Digest weirdness

Xen · November 17, 2023, 9:58pm

What’s going on here?

require "digest/sha256"

class Summer < IO
  @count = 0
  getter digest : Digest::SHA256

  def initialize(@io : IO)
    @digest = Digest::SHA256.new
  end

  def read(slice : Bytes) : Nil
    raise IO::Error.new("can't read from this")
  end

  def write(slice : Bytes) : Nil
    @digest.update(slice)
    @io.write(slice)
  end
end

im = Vips::Image.new_from_file("test.png")

summer = Summer.new(File.open("test5.png", "w"))

im.write_to_target(summer, ".png")

puts summer.digest.hexfinal
puts Digest::SHA256.new.update(File.read("test5.png").to_slice).hexfinal

Why is it outputting two different hashes, they’re created from the same data?

jgaskins · November 18, 2023, 12:00am

Does it change the output if you close the file for writing before reading it on the last line?

jgaskins · November 18, 2023, 12:12am

The reason I ask is that it may not have written the last chunk to disk before reading the file’s contents on the last line, in which case the hashes might not actually have been created from the same data. Closing the file will flush the file’s output buffer before closing — File in Crystal is an IO::Buffered, plus your filesystem likely has its own kernel-level buffers to flush.

syeopite · November 18, 2023, 10:32am

Are you using a C binding that depends on an another SSL library like BoringSSL? I’ve experienced some weird behaviors from the stdlib digest functions because of that before.

Xen · November 18, 2023, 11:10am

Indeed, that’s the case. Adding in a strategically placed close fixes the problem.

But without the close, the last chunk is never written, but left broken. Shouldn’t some finalizer run when the program ends and flush out any buffers?

jgaskins · November 18, 2023, 4:07pm

This happens with kernel-level filesystem buffers, but the Crystal IO::Buffered buffers won’t be flushed automatically. The finalize method on an IO will close it, but that’s called by the GC, which I don’t think is called on program exit. This might be a good argument for it to do that, though.

The way I always make sure my files are closed (or, really, any object that requires cleanup) is to use the form of File.open that takes a block. That way, I can’t screw it up.

Xen · November 18, 2023, 9:10pm

Well, that’s a massive gotcha to leave lying around, I’d say. What use is a finalizer if it’s only called by the GC?
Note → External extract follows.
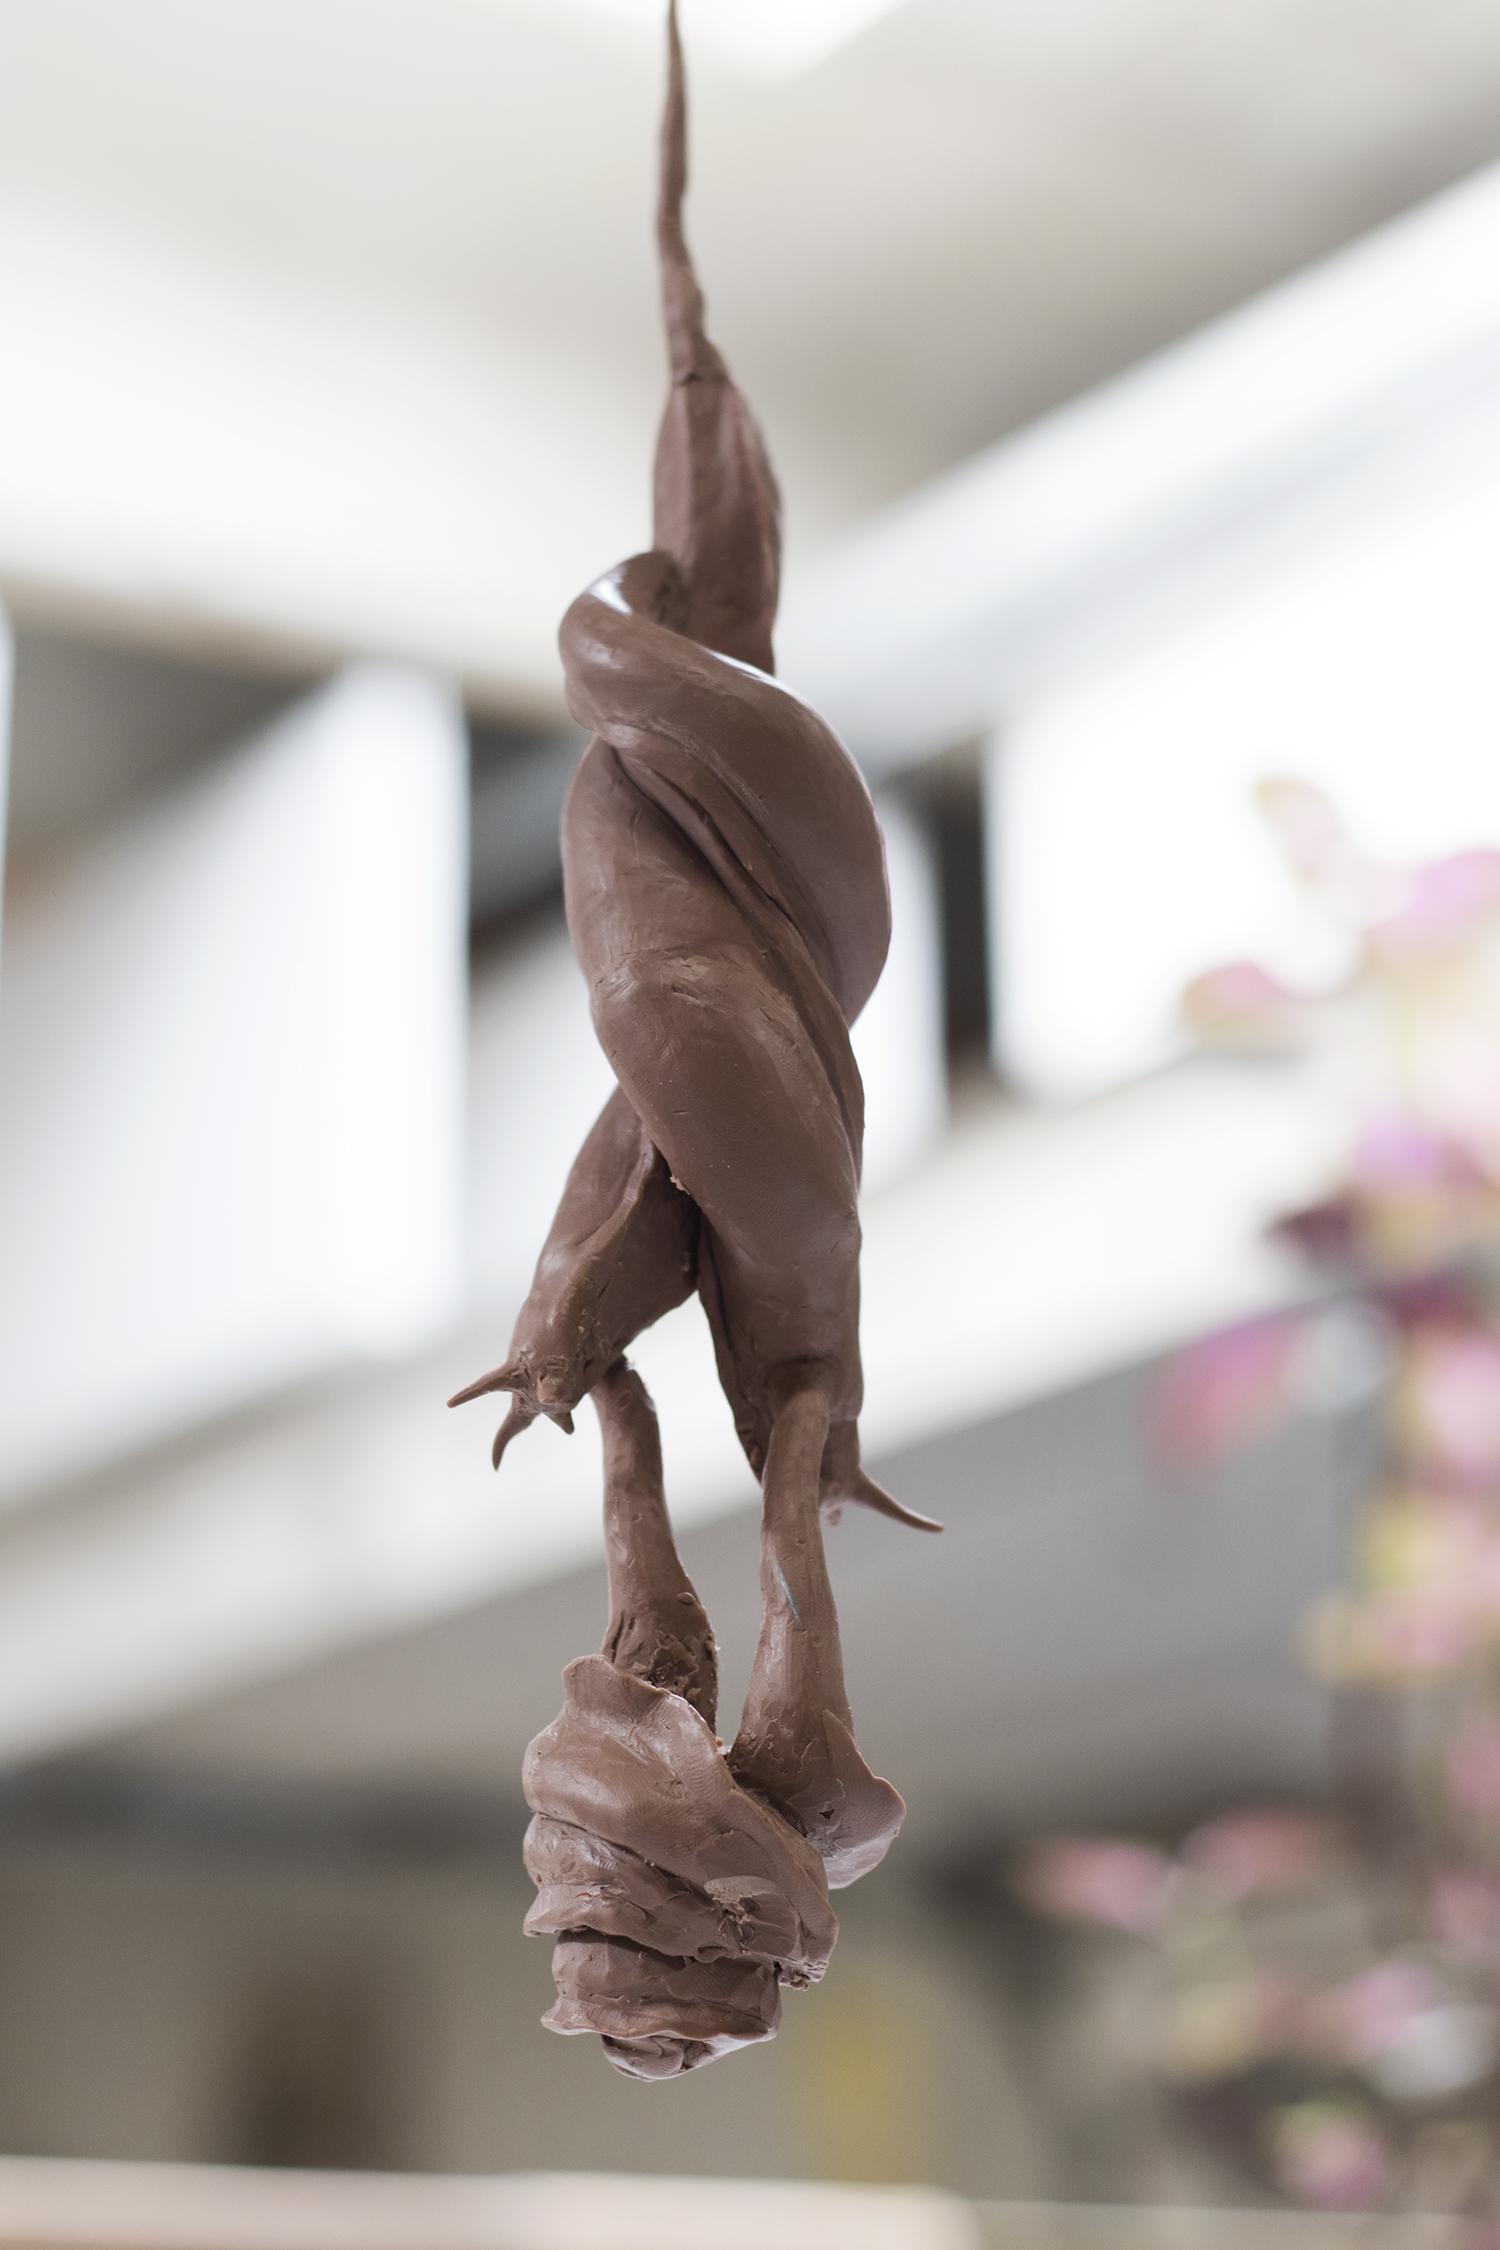 Detalje fra Viktor-Emil Dupont Billunds atelier. Foto © I DO ART Agency.

jgaskins · November 18, 2023, 10:34pm

I have a feeling that it’s implemented that way as part of the object lifecycle rather than the program lifecycle since finalize is to initialize in method naming as “final” is to “initial” in English.

I’m sure it’s tempting for someone to come into the thread to say “but that behavior is documented”. I don’t think that would be conducive to conversation, though. A programming language or library doing what folks expect is far more valuable than depending on people reading documentation (with the caveat that it’s not actually feasible to do what everyone expects because not everyone has the same set of expectations of a given thing).

I think it’s reasonable to expect that finalize would finalize your objects on exit. I opened an issue on the crystal repo to discuss it.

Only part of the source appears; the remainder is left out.